11 Ocak 2025 10:24

10 Ocak Çalışan Gazeteciler Günü: Mesleki zorluklar ve gazetecilerin mücadelesi

Düşen maaşlar, artan iş yükü gazetecilerin en temel problemleri arasında yer alıyor. Bu zorluklarla birlikte, gazeteciler giderek alternatif meslek alanlarına yönelmek zorunda kalıyor.

Fotoğraf: Vanilla Bear Films/Unsplash

Paylaş

İlknur HAYLAZ
İstanbul

10 Ocak Çalışan Gazeteciler Günü, Türkiye'deki gazetecilerin mesleki zorluklarını ve mücadelelerini gündeme taşıyor. Ekonomik sıkıntılar, siyasi baskılar ve iş güvencesizliği gibi sorunlarla boğuşan gazeteciler, mesleklerine duydukları bağlılıkla halkın doğru bilgiye erişim hakkını korumaya devam ediyor. Ancak, pek çok gazeteci alternatif meslek alanlarına yönelmek zorunda kalırken, basın özgürlüğü ve gazetecilik mesleğinin geleceği ciddi tehditler altında kalıyor.

10 Ocak Çalışan Gazeteciler Günü, medya çalışanlarının mesleklerine duydukları bağlılık ve emekleri bir kez daha hatırlatırken, gazetecilerin karşı karşıya olduğu zorlukları da gözler önüne seriyor. Bugün, pek çok gazeteci hem ekonomik hem de siyasi baskılar nedeniyle kendi mesleklerinde sürdürülebilir bir gelecek kurmakta zorlanıyor. Düşen maaşlar, artan iş yükü ve mesleki etikle uyumlu bir şekilde haber yapma imkanlarının daralması, gazetecilerin en temel problemleri arasında yer alıyor. Bu zorluklarla birlikte, gazeteciler giderek alternatif meslek alanlarına yönelmek zorunda kalıyor.

Zorluklar her geçen gün daha da artarken, gazetecilerin bu mesleği bırakmamak için gösterdikleri çaba hem kendi geleceğini hem de halkın doğru bilgiye ulaşabilme hakkını koruma adına büyük bir öneme sahip.

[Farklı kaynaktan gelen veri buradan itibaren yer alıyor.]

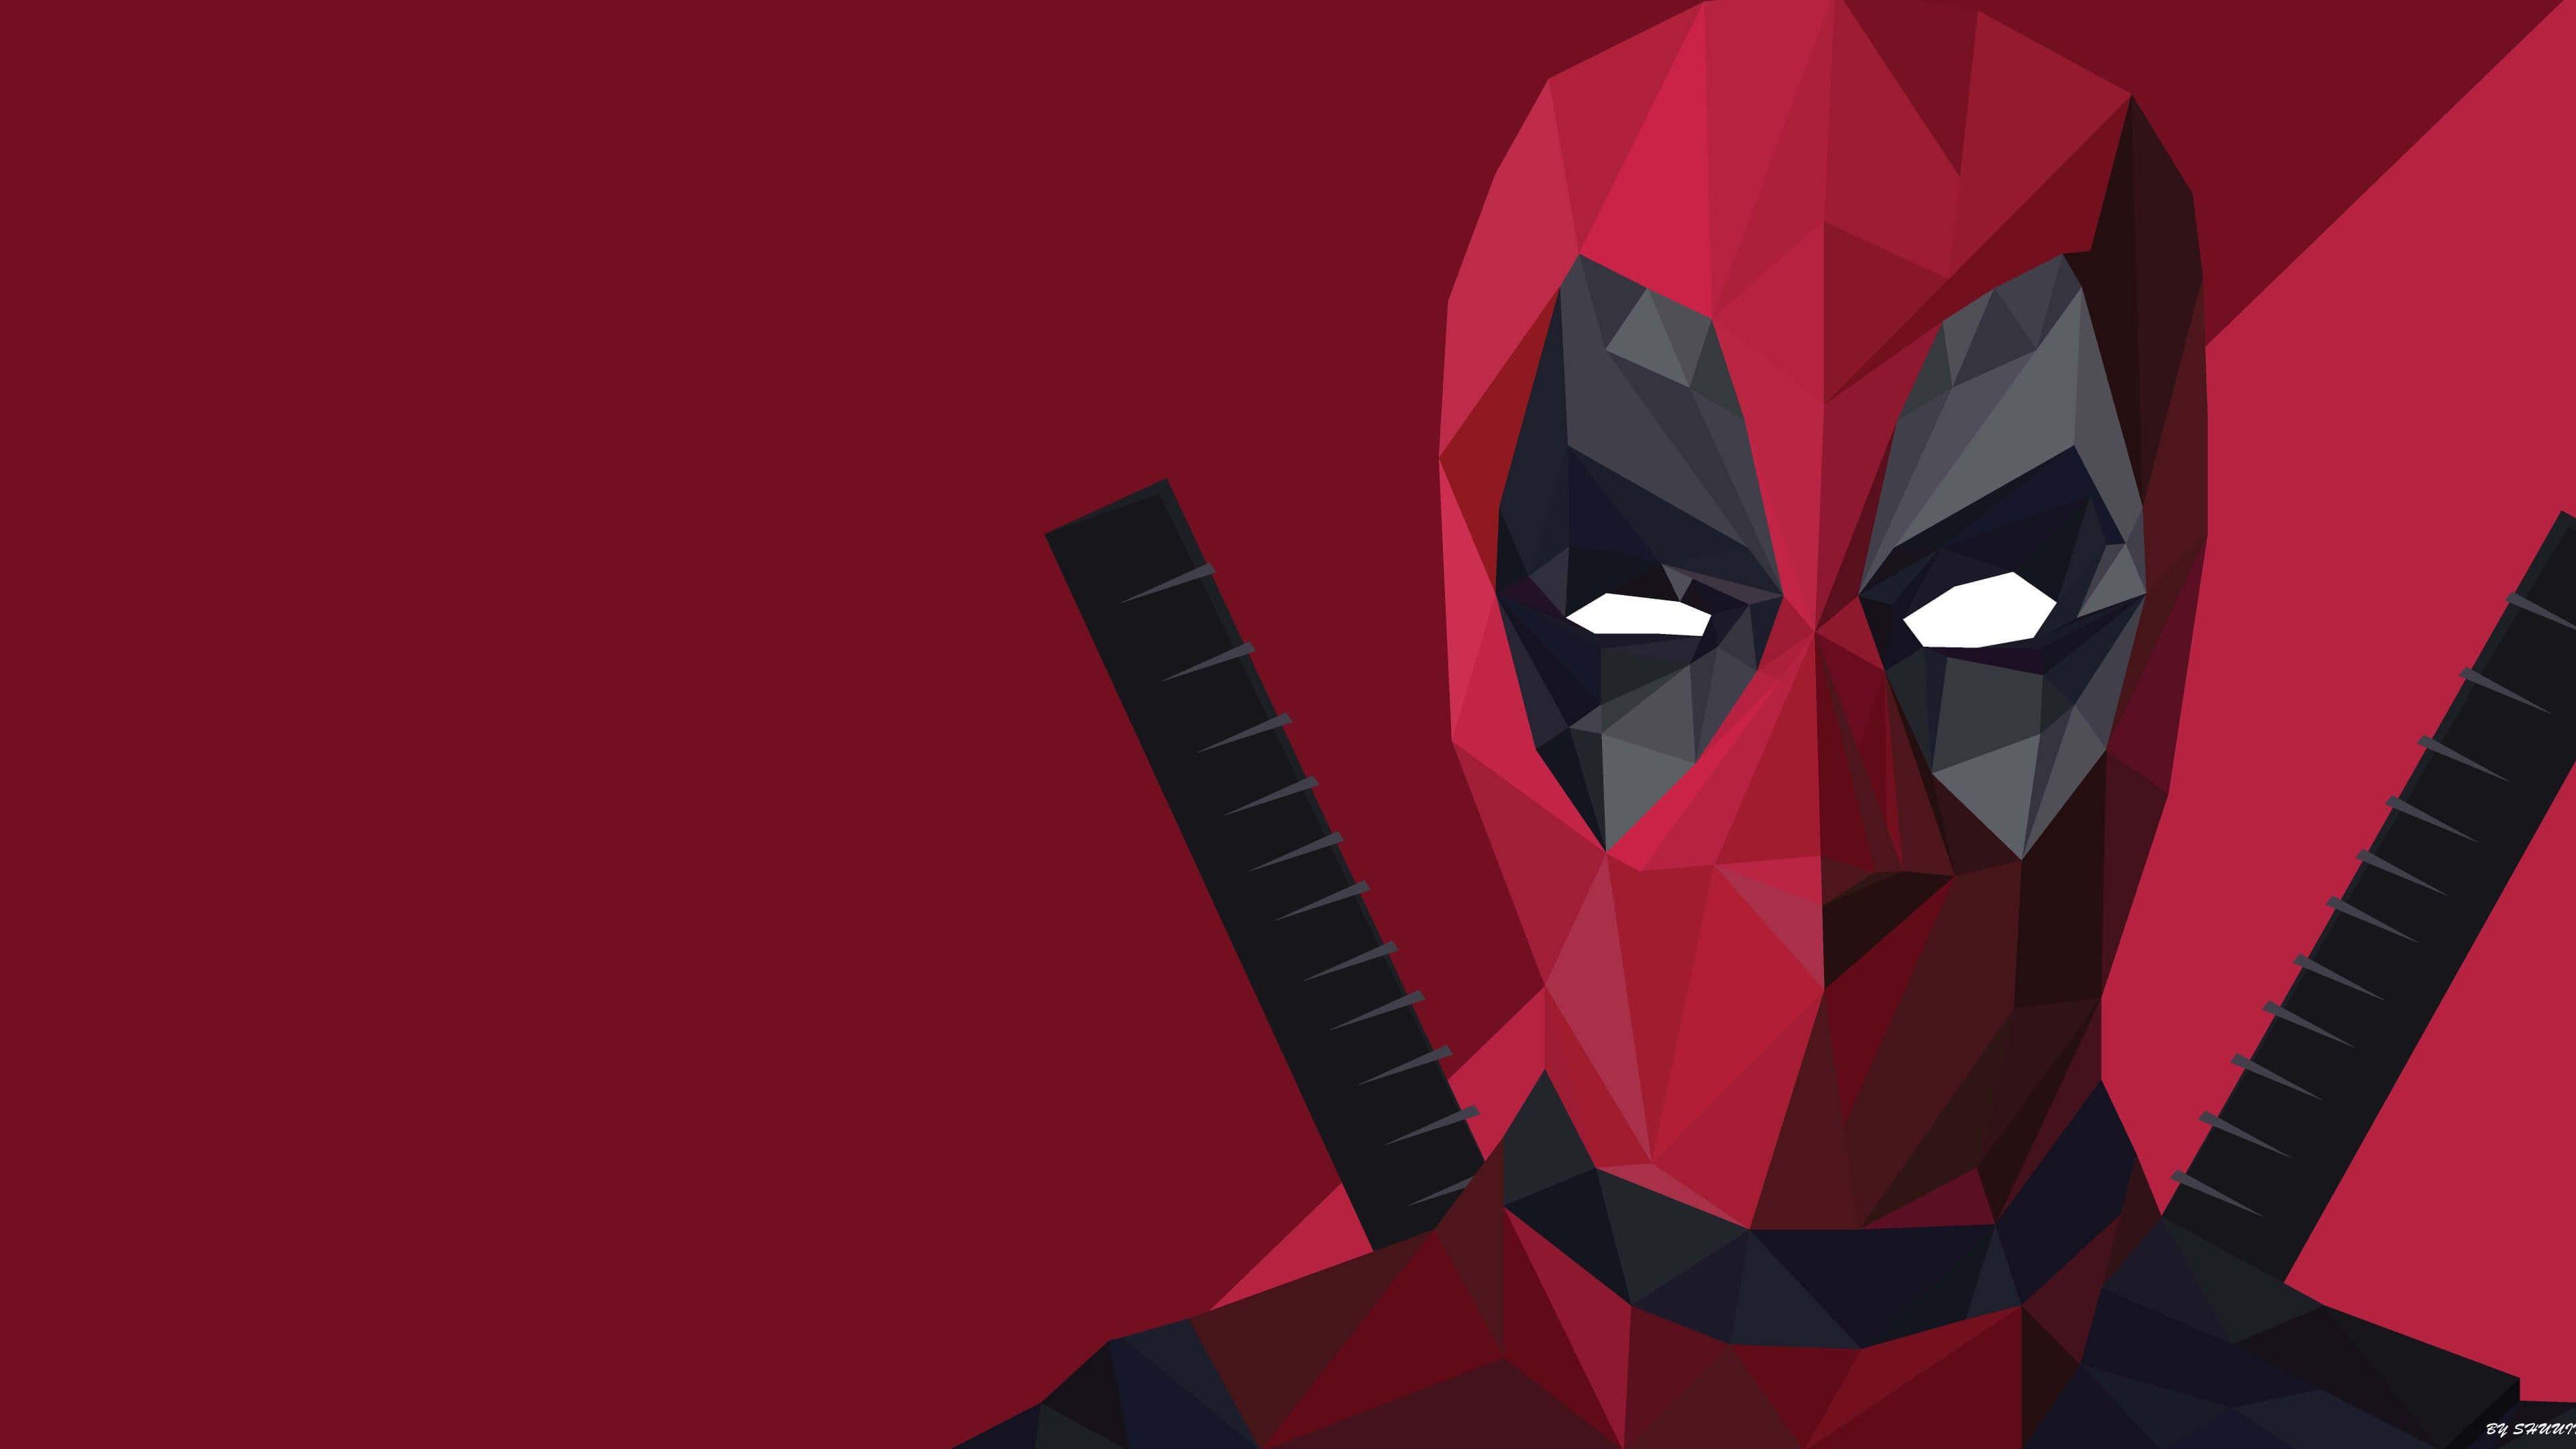 Marvel And Dc Comics Images Memes Wallpaper And More Deadpool Wallpaper Desktop Deadpool Wallpaper Deadpool Hd Wallpaper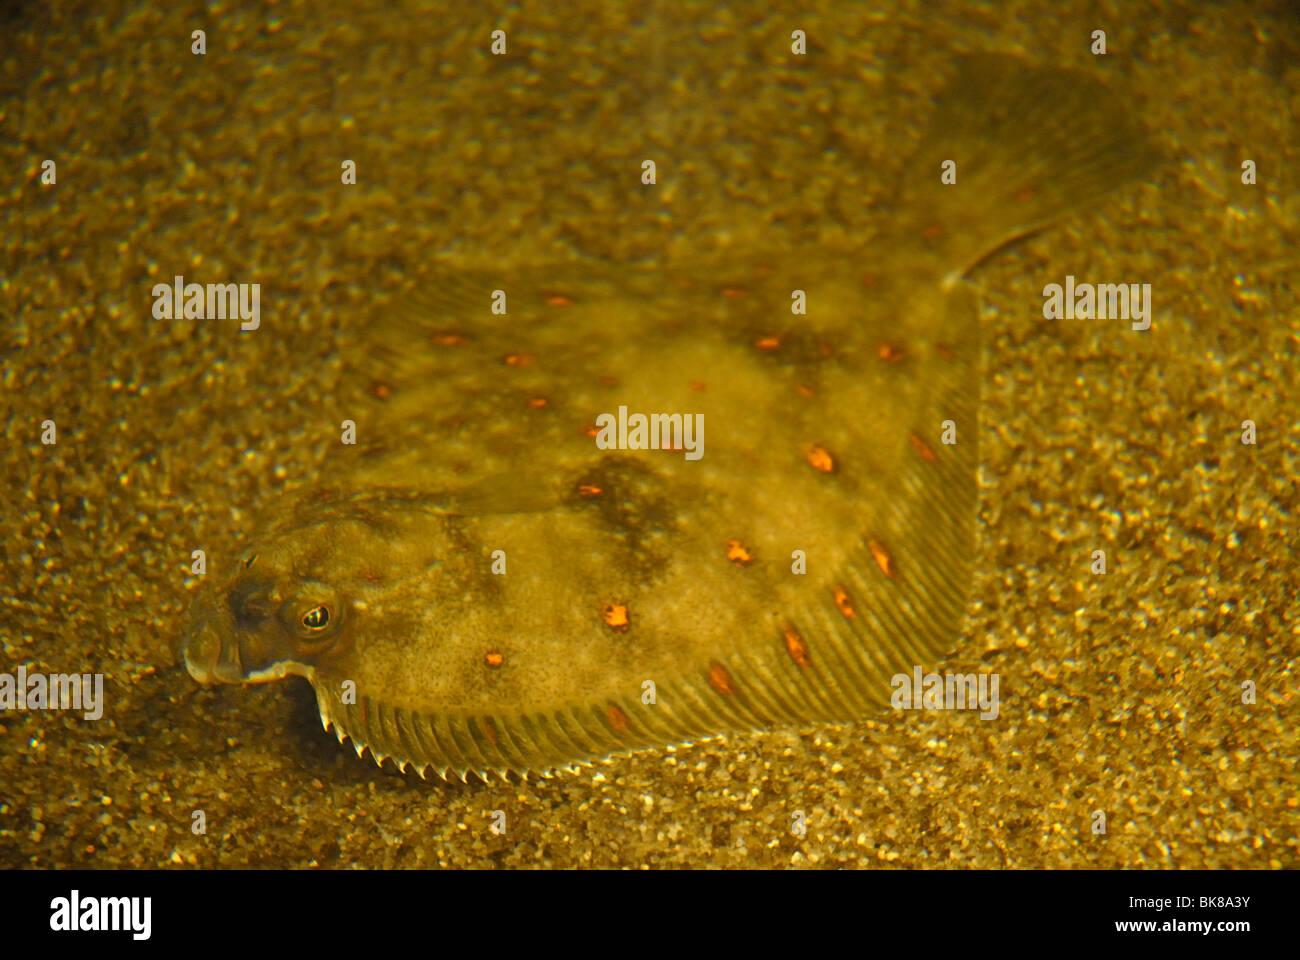 Scholle, Scholle (pleuronectes platessa) Stockbild

TÜRKİYE’DE GAZETECİLERE YÖNELİK BASKILAR ARTIYOR

Türkiye’de gazetecilerin mutluluk düzeyi ile ilgili doğrudan verilere ulaşmak zor olsa da genel olarak mesleklerinde karşılaştıkları siyasi baskılar, ekonomik zorluklar, iş güvencesizliği ve fiziksel tehditler, gazetecilerin iş tatminini ve genel yaşam memnuniyetini ciddi şekilde olumsuz etkileyen faktörlerdir. Basın özgürlüğü, hukuki güvenlik, ekonomik refah ve psikolojik destek gibi unsurlar, gazetecilerin mutluluğunu doğrudan etkileyen ana faktörlerdir. Bu bağlamda, gazetecilerin mutlu olabilmesi için çalışma şartlarının iyileştirilmesi ve daha bağımsız bir medya ortamı oluşturulması gerekmektedir. Türkiye’deki gazetecilerin bu zorluklarla başa çıkabilmesi için, basın özgürlüğünün korunması, medya çeşitliliğinin artırılması, gazetecilik etik kurallarına saygı ve dijital becerilerin artırılması gibi adımlar atılması büyük önem taşımaktadır.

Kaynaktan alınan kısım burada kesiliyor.